* _Exercise directions_
Give back an exact copy of the listing that follows, without the pictures.

START Raw data

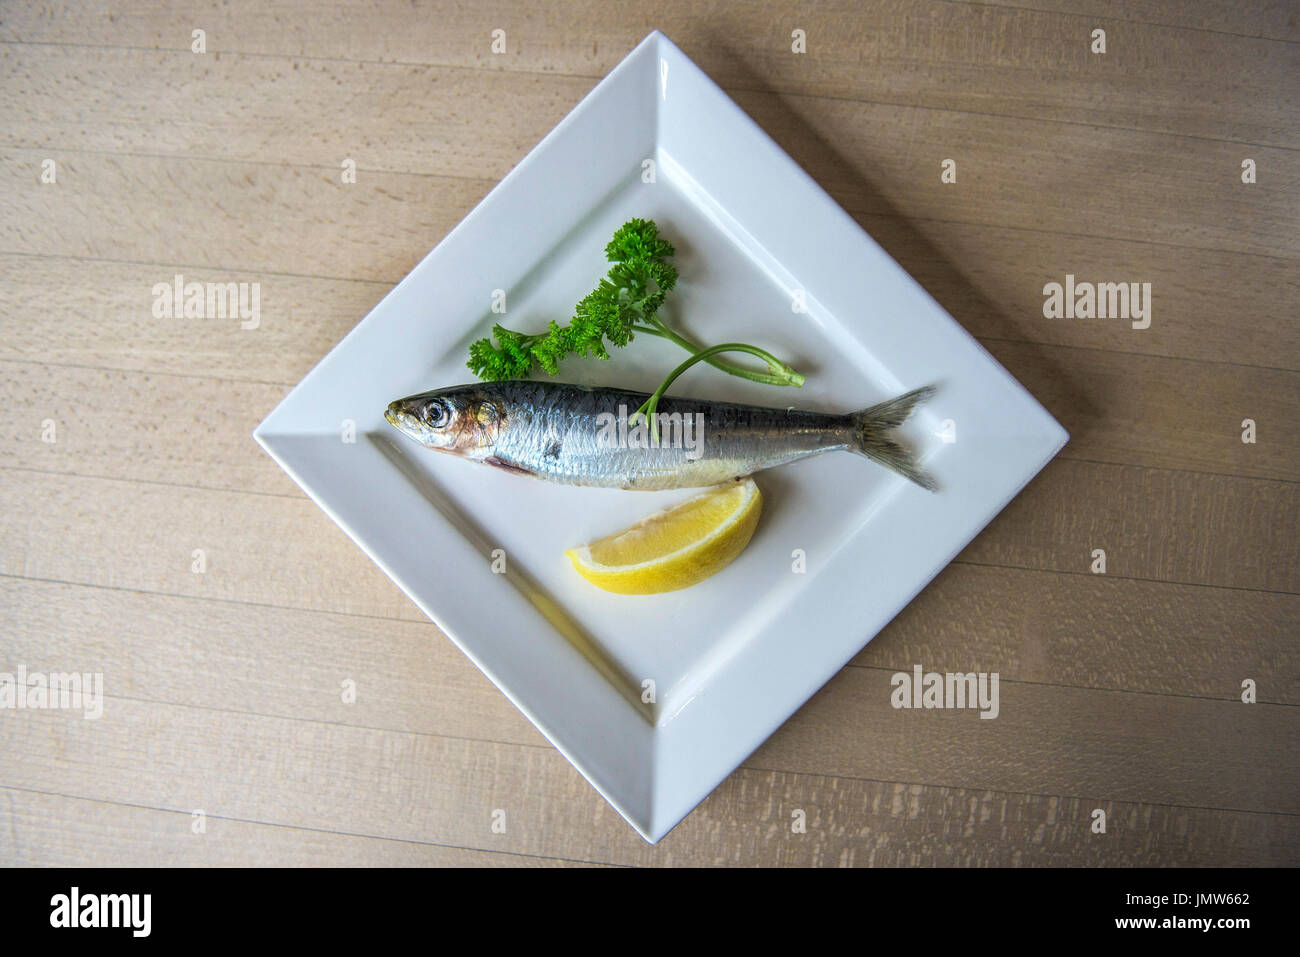 A sardine, sprig of parsley and a wedge of lemon on a plate. Stock Photo
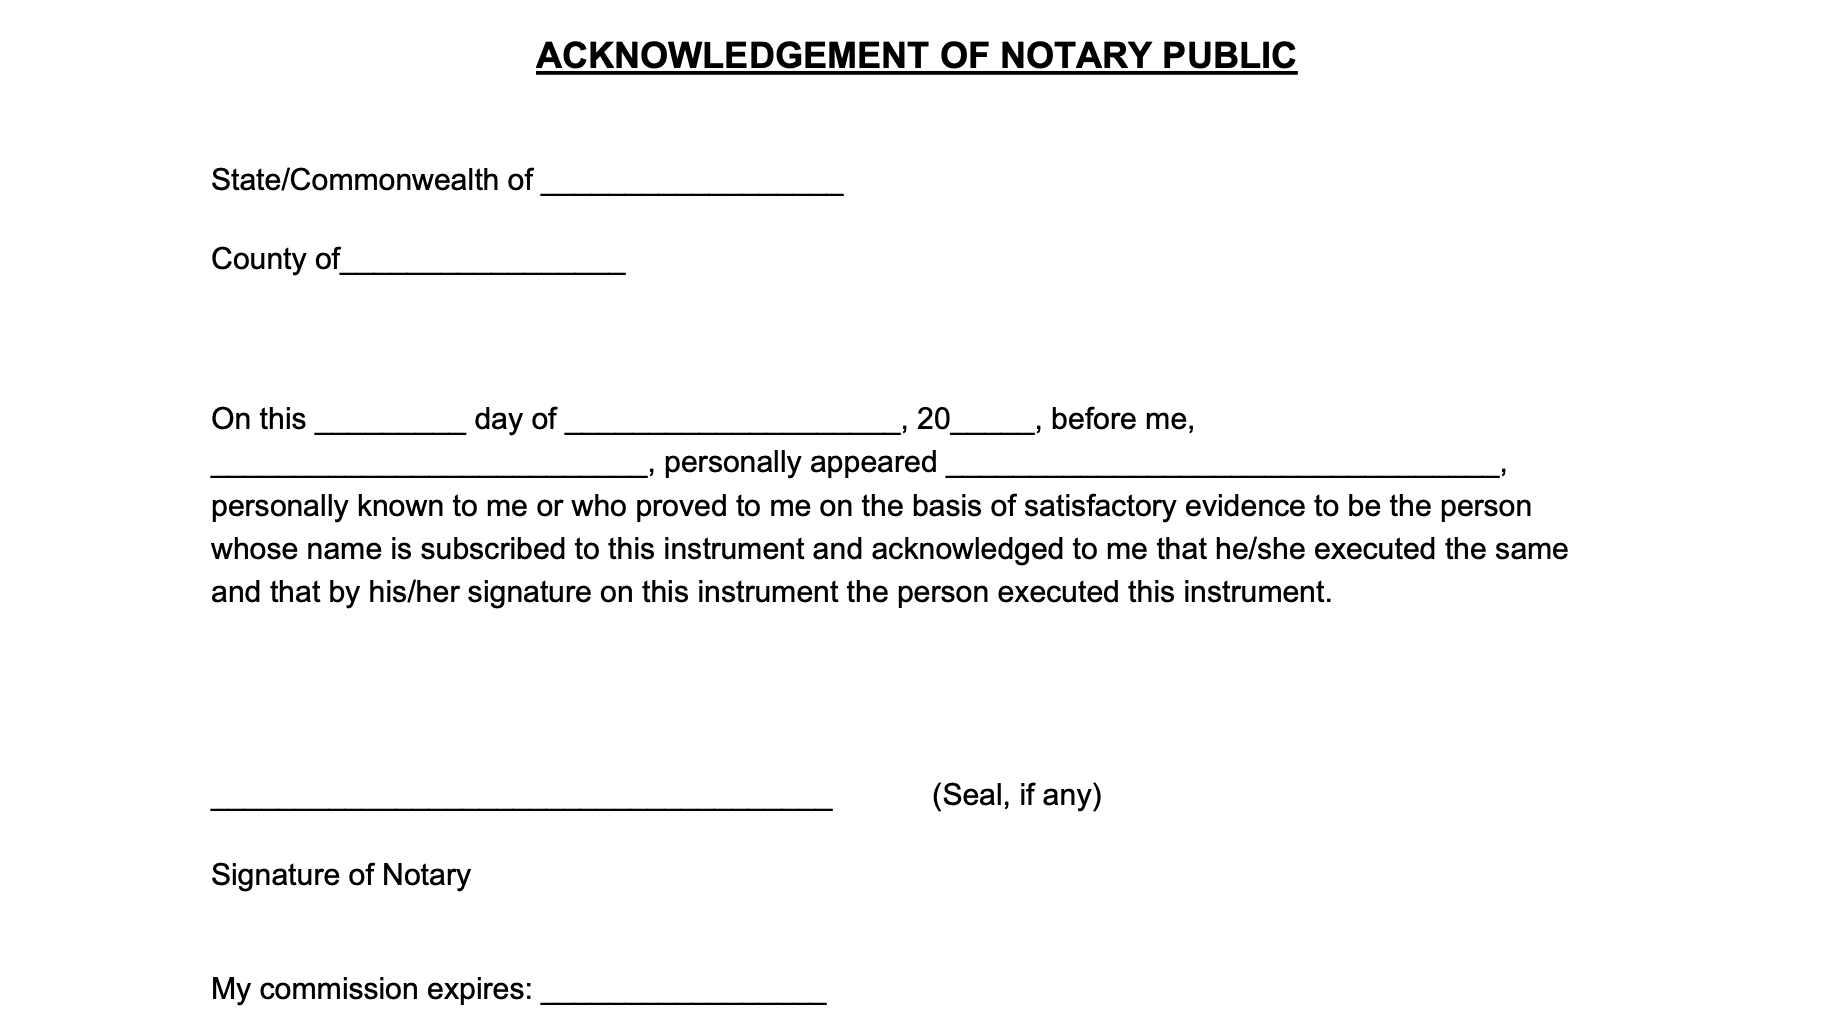 An example of where to insert notary acknowledgment in our employment verification letter
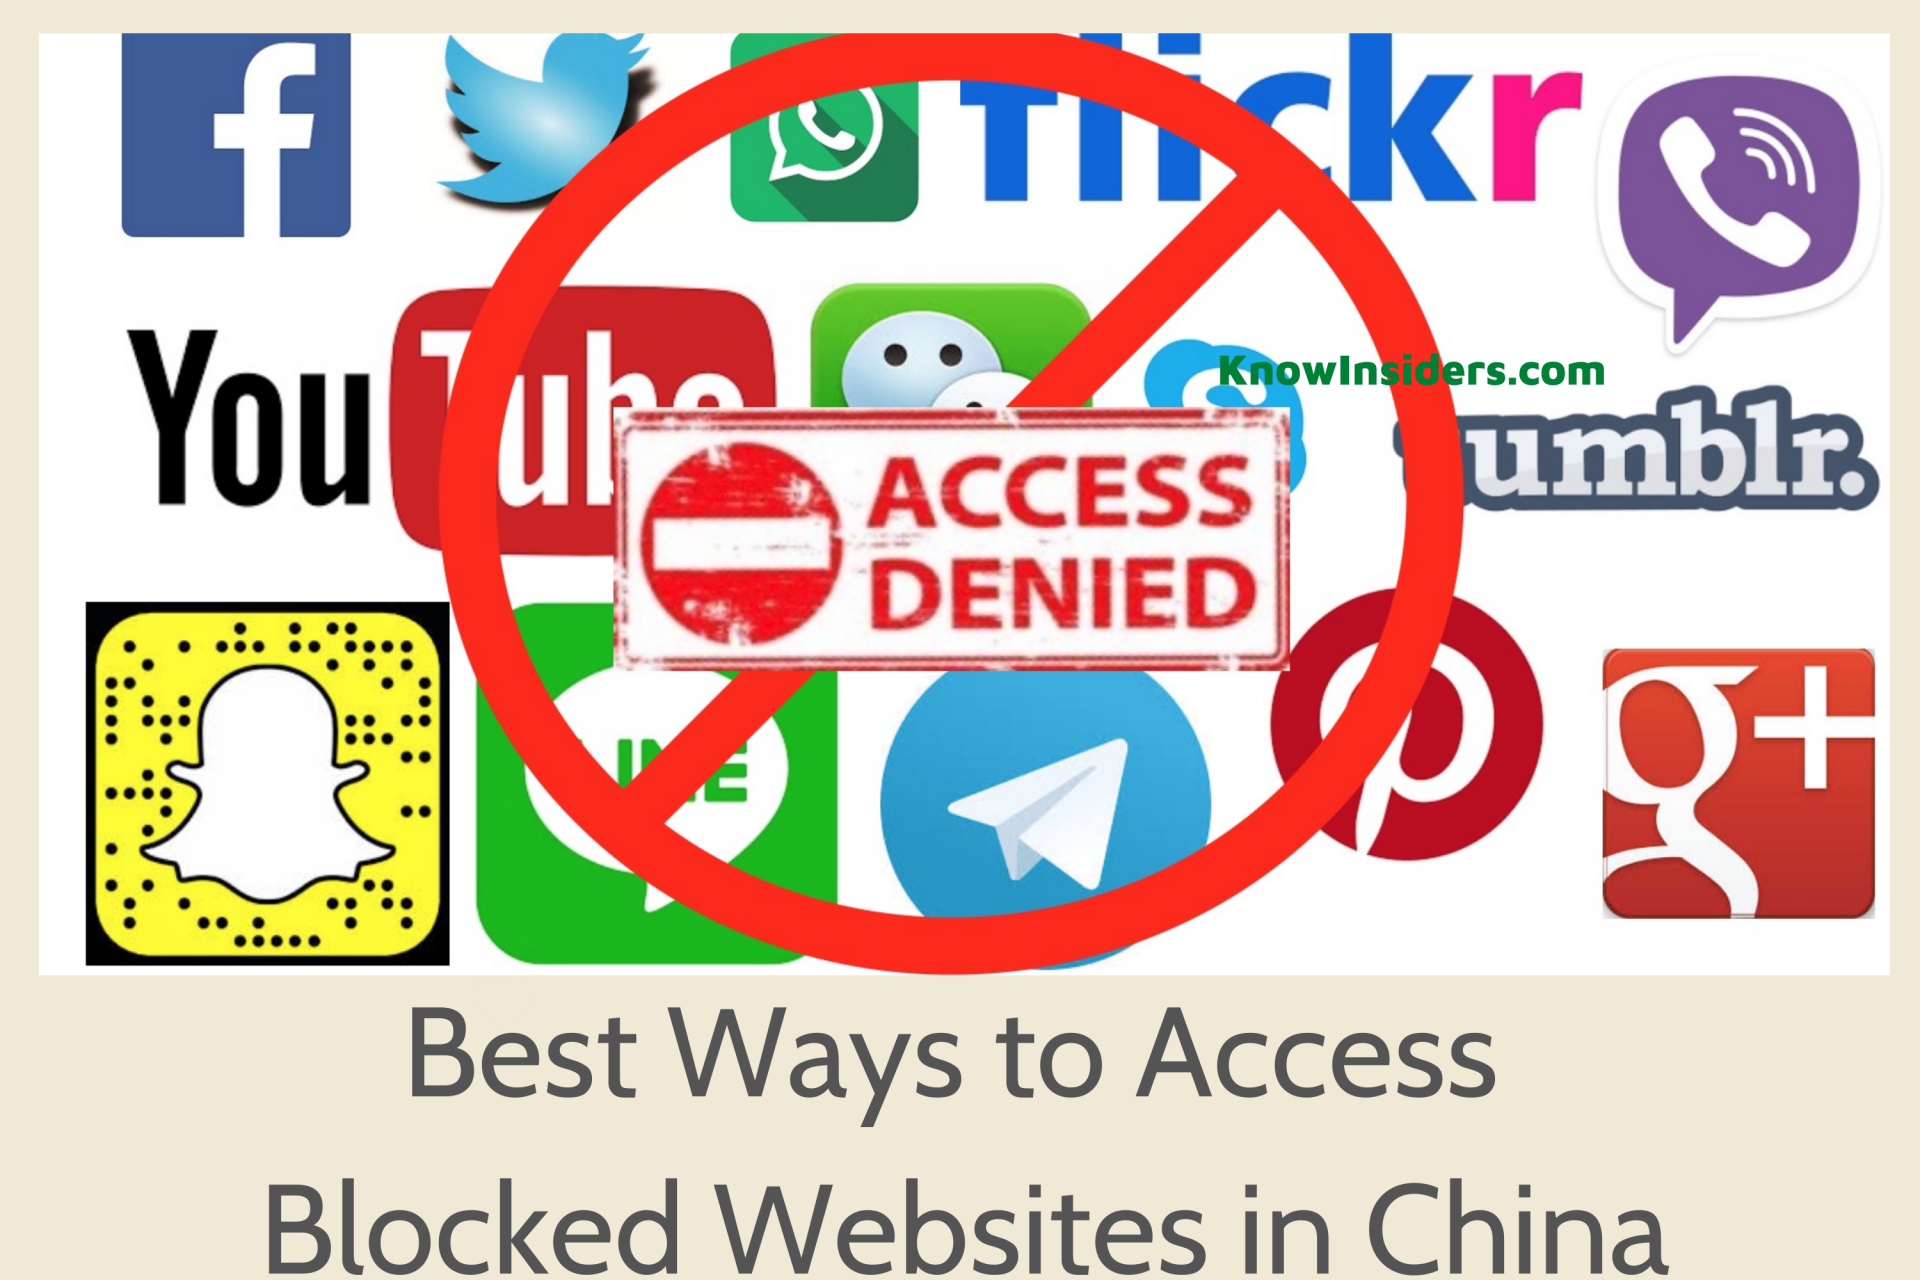 How to Access Blocked Websites in China

END Raw data

* _Written answer_
 A sardine, sprig of parsley and a wedge of lemon on a plate. Stock Photo
 An example of where to insert notary acknowledgment in our employment verification letter
 How to Access Blocked Websites in China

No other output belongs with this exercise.